(Information provided begins)
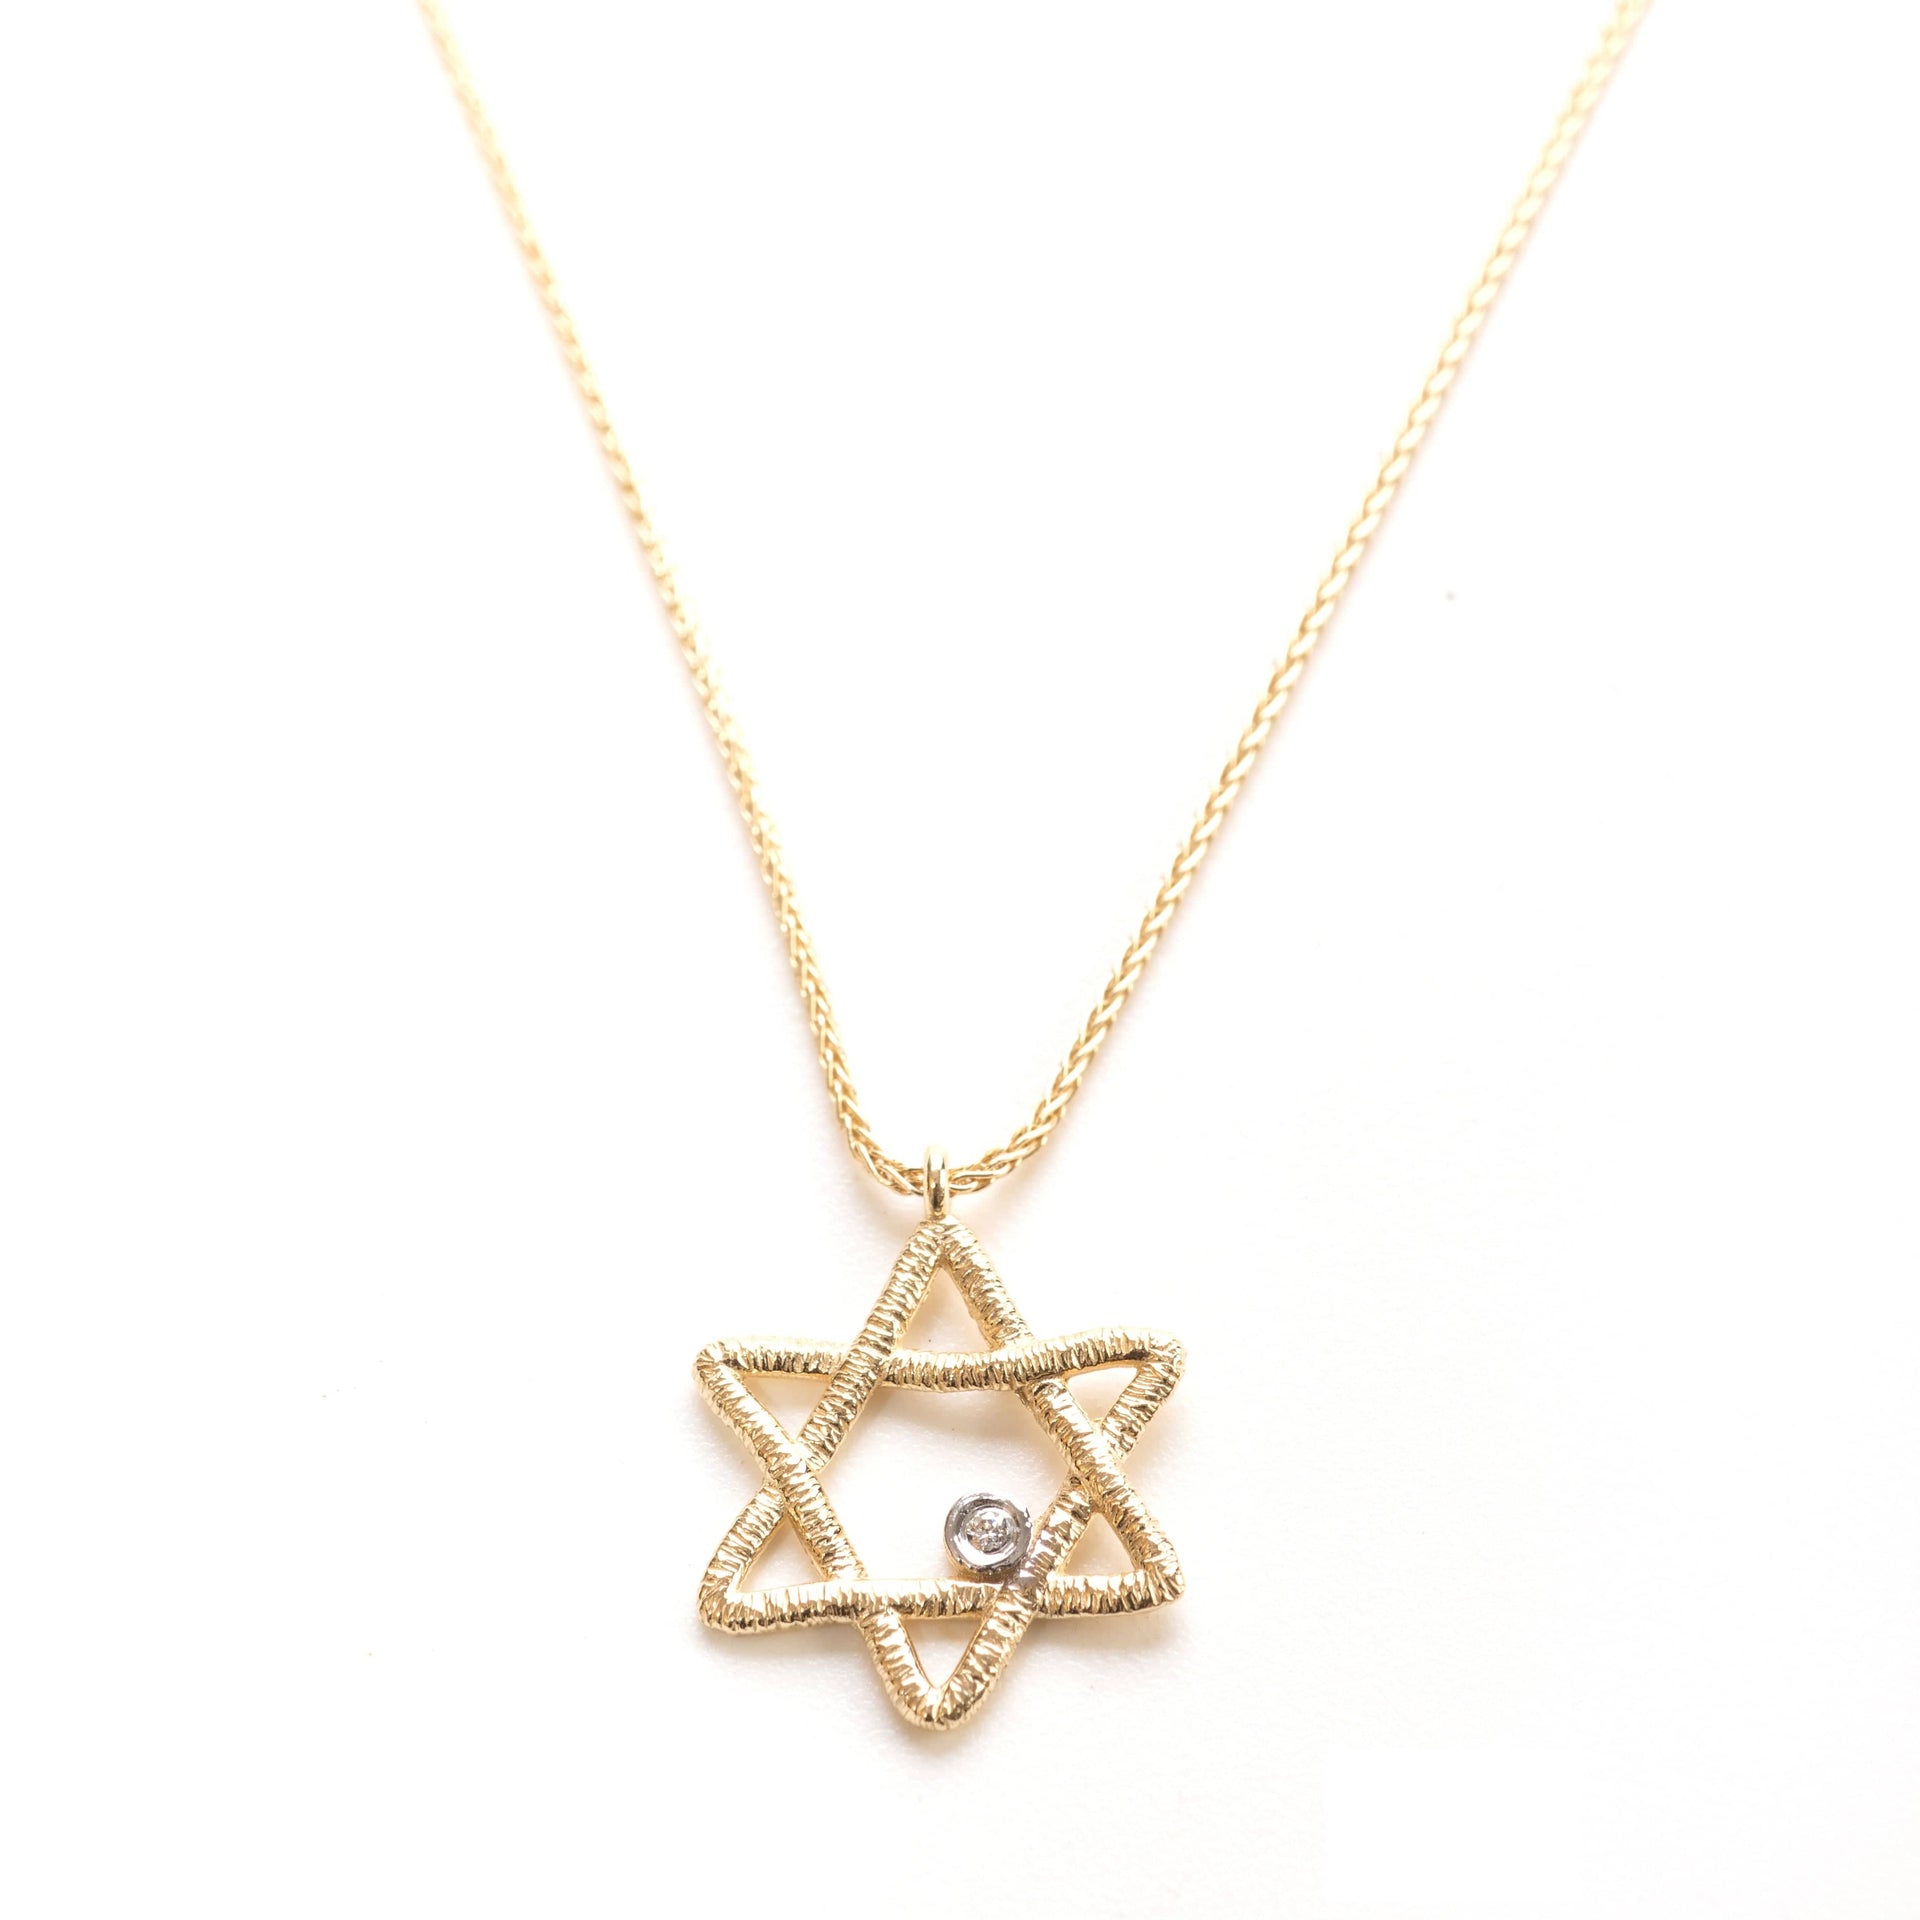 Israel Museum Necklaces Gold 14K Gold Star of David and Diamond Necklace by Israel Museum
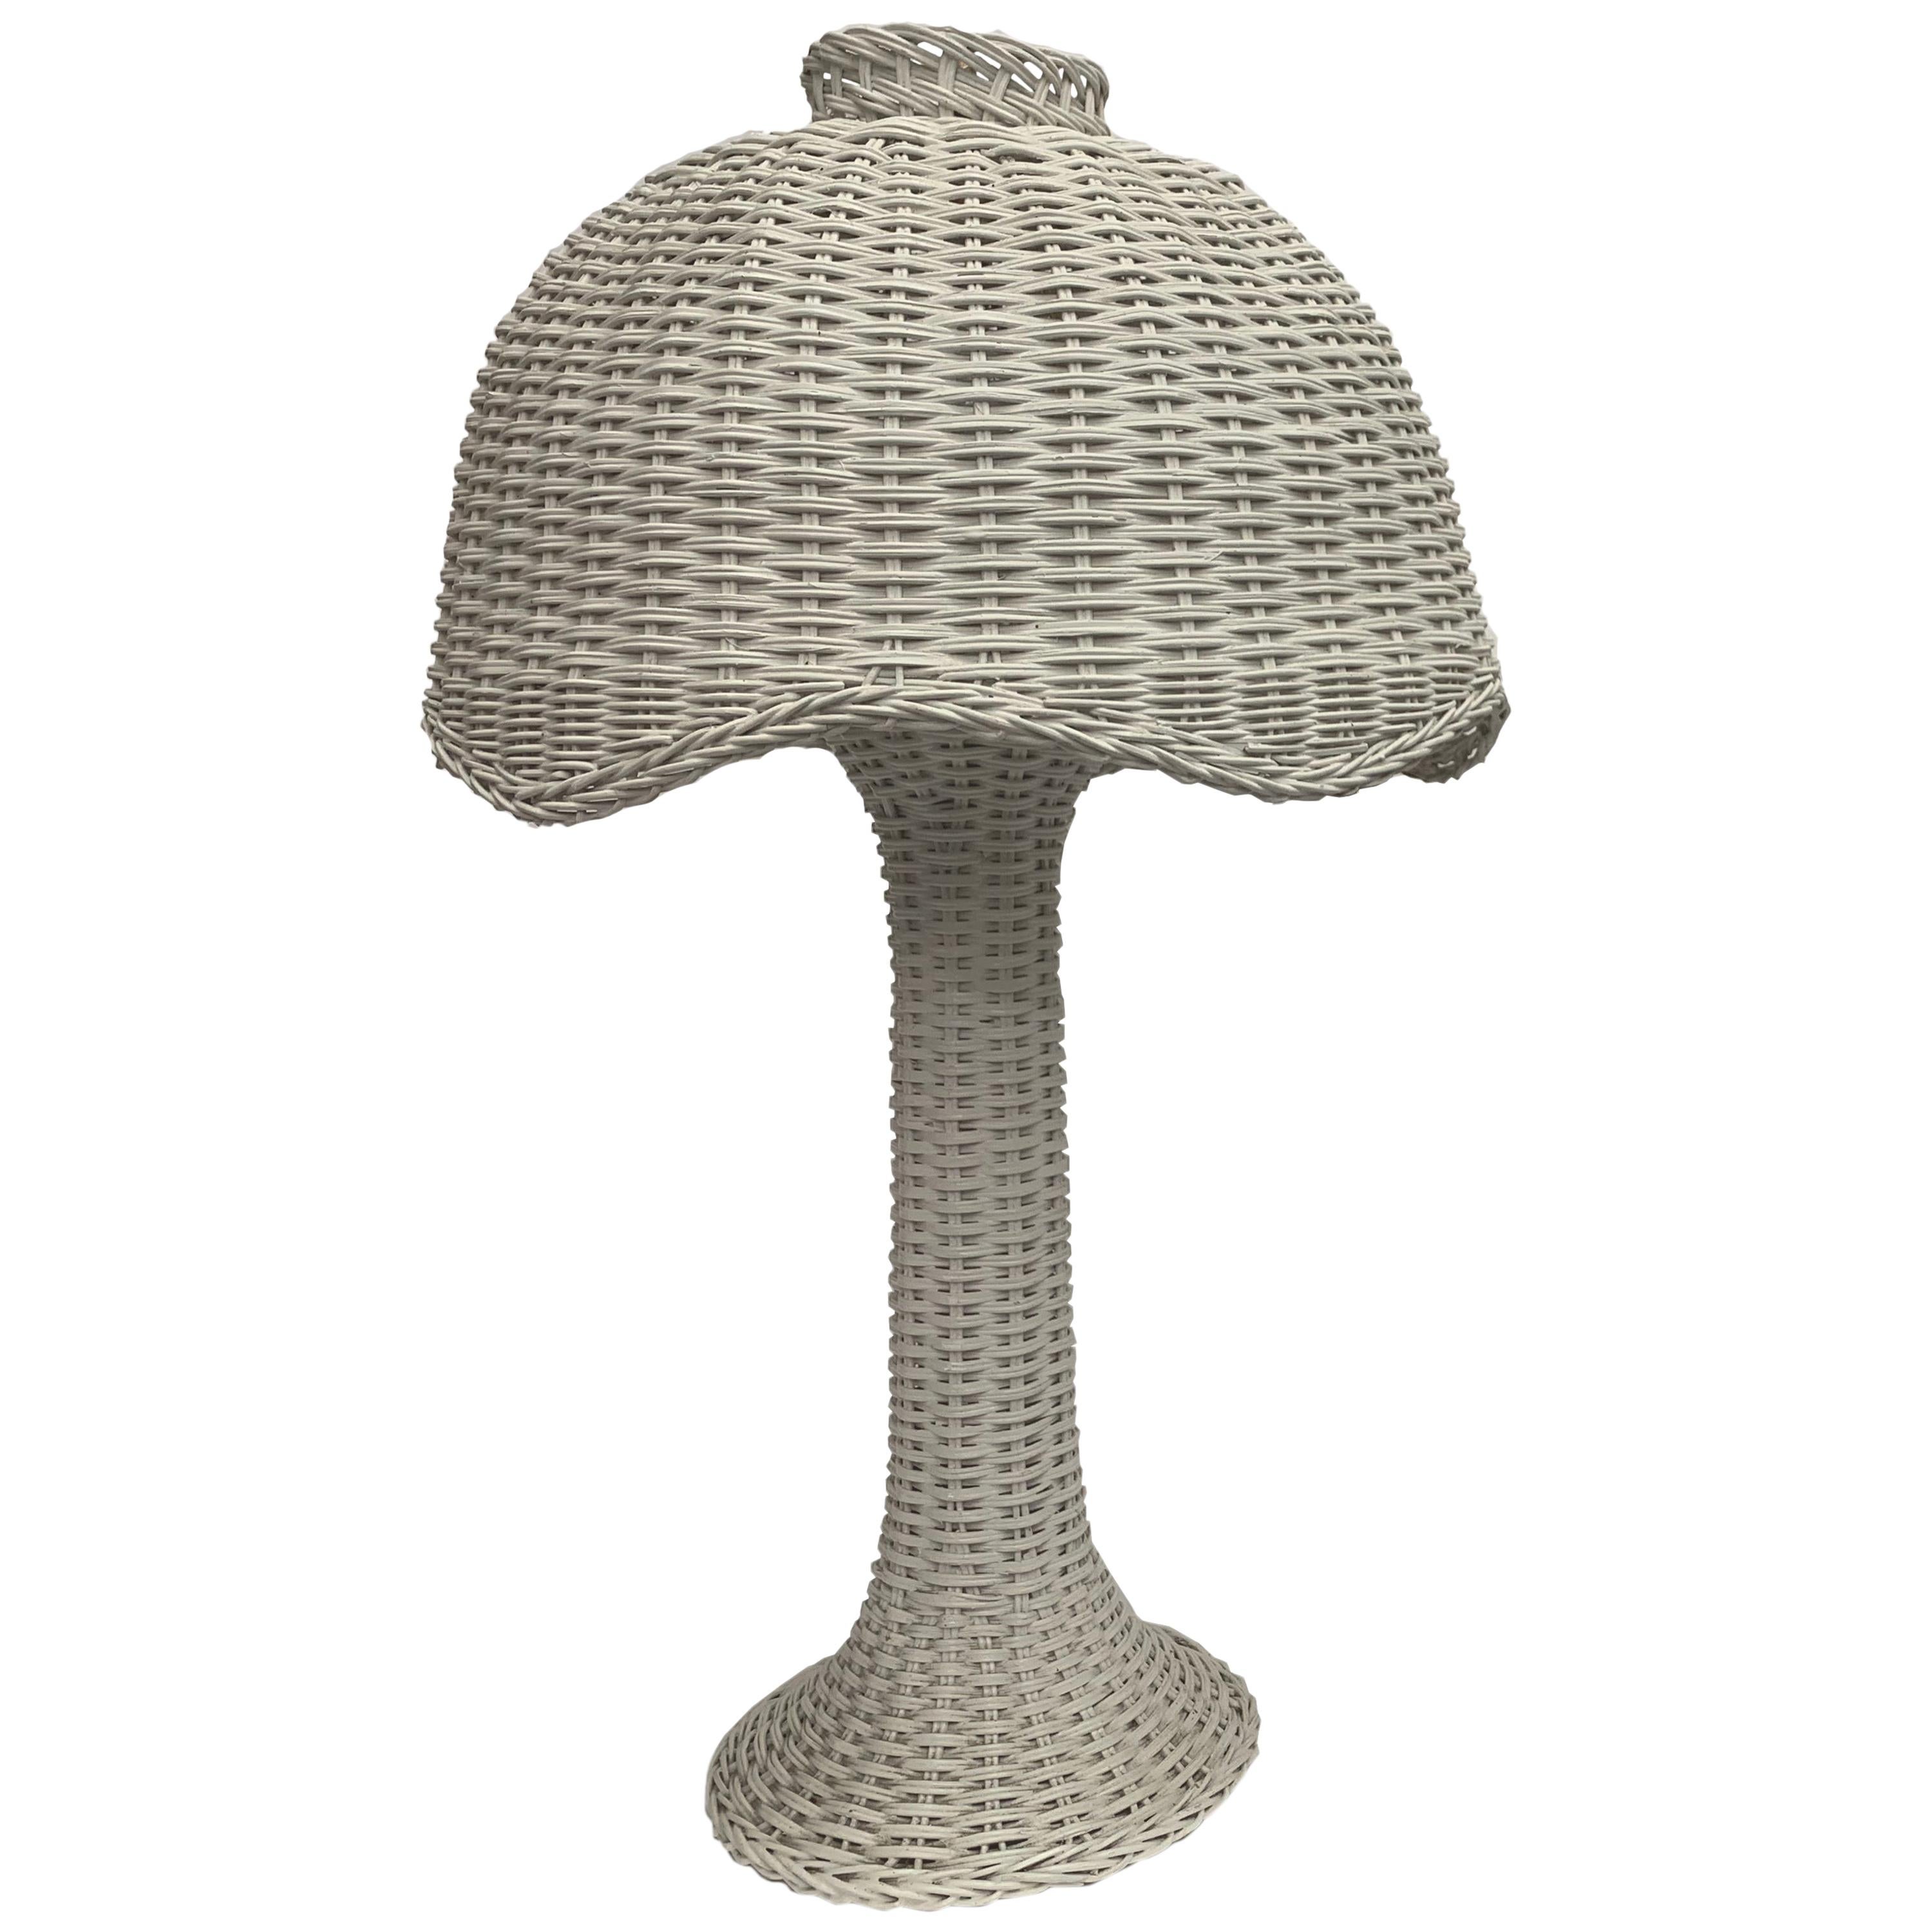 A pair of white wicker lamps with matching scalloped edged shades. 

Property from esteemed interior designer Juan Montoya. Juan Montoya is one of the most acclaimed and prolific interior designers in the world today. Juan Montoya was born and spent
(Information provided ends)
Work task: No picture belongs in the copy; return the rest of the listing exactly.

Task response:
 Israel Museum Necklaces Gold 14K Gold Star of David and Diamond Necklace by Israel Museum
 A pair of white wicker lamps with matching scalloped edged shades. 

Property from esteemed interior designer Juan Montoya. Juan Montoya is one of the most acclaimed and prolific interior designers in the world today. Juan Montoya was born and spent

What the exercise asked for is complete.